Wow, that's a lot of practices.

I generally go by Damian Conway's rule of thumb: 10 hours preparation time for every hour of talking, or 20 hours prep if it's a difficult talk. I make sure the preparation includes at least one full run through (out loud in an empty room, usually my hotel room) with plenty of time to spare to fix things that inevitably come up. I'll do another run through once I've made the changes.


I rarely give talks but I find it difficult to do a full talk-through as prep as I don't have the adrenaline buzz and can't put the enthusiasm into speaking to a wall that I do when talking to people. Any tips?

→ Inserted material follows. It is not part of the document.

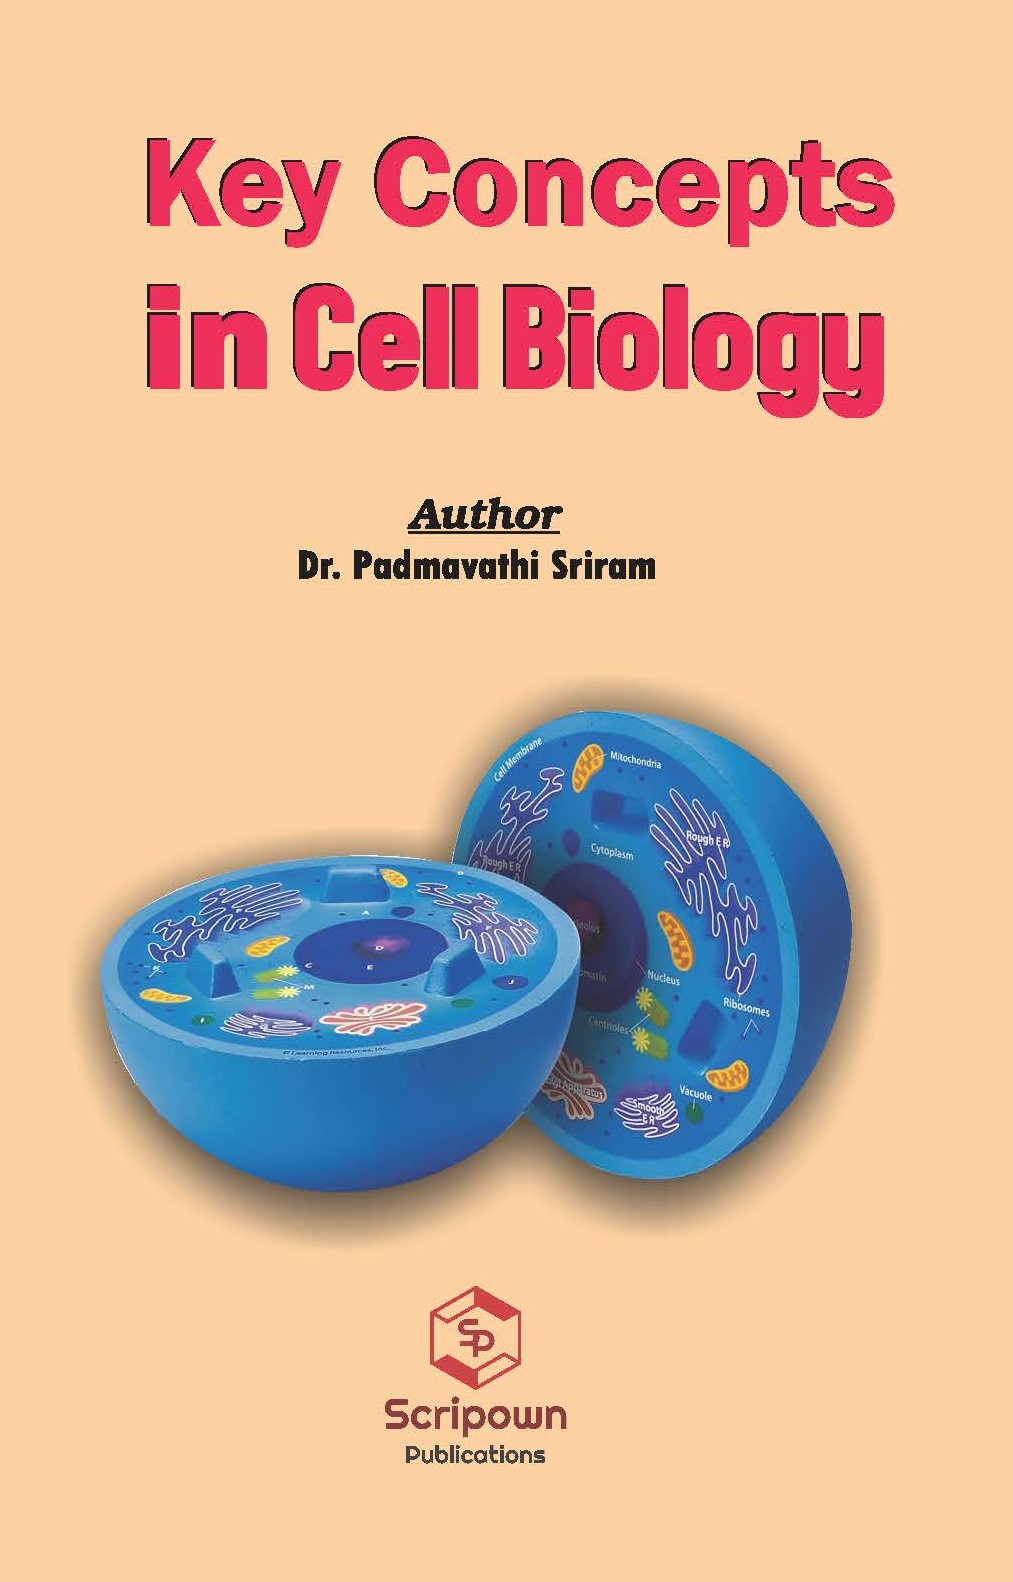 Key Concepts in Cell Biology

I'm a very nervous speaker!


But if you speak professionally, you wouldn't have to write a new speech every time. Just reuse most or portions of other speeches to cut down on prep time.


I'd never heard of this guy or his speaking, so I looked around for something. Here's a 1-hour lecture on innovation, that is at least quite entertaining, and possibly informative:

http://www.youtube.com/watch?v=amt3ag2BaKc


Interesting how you can watch him for free on Youtube or for $50 or $500 dollars in person.

I watch five minutes of him on his site. He indeed seems like a good though perhaps hyper-aggressive speaker.


I just spent the morning reading this book through O'Reilly's Safari access. It is absolutely brilliant and is up there with Presentation Zen and Slideology as 'must have' books if you're a speaker.

Here's the thing though - despite Scott's best efforts, I don't think this book helps you if you're not already a speaker or somehow interested in speaking. But if you are one or someone like me who enjoys it and is looking to polish 'the craft' this is great. Scott notices a lot of patterns, some of which I do unconsciously and never noticed before.

Highly recommended.


Thanks for the recommendation. Due to this sample chapter and recently getting a Kindle, I now own the book... this is too easy :(

(Or not due to 'copyright issues' - WTF. Phew. The point about it being too easy still stands.)


I've been to a few conferences with Scott and watched a few presentations. Stand up guy.

He is one of the best out there, excited to see the rest of the book.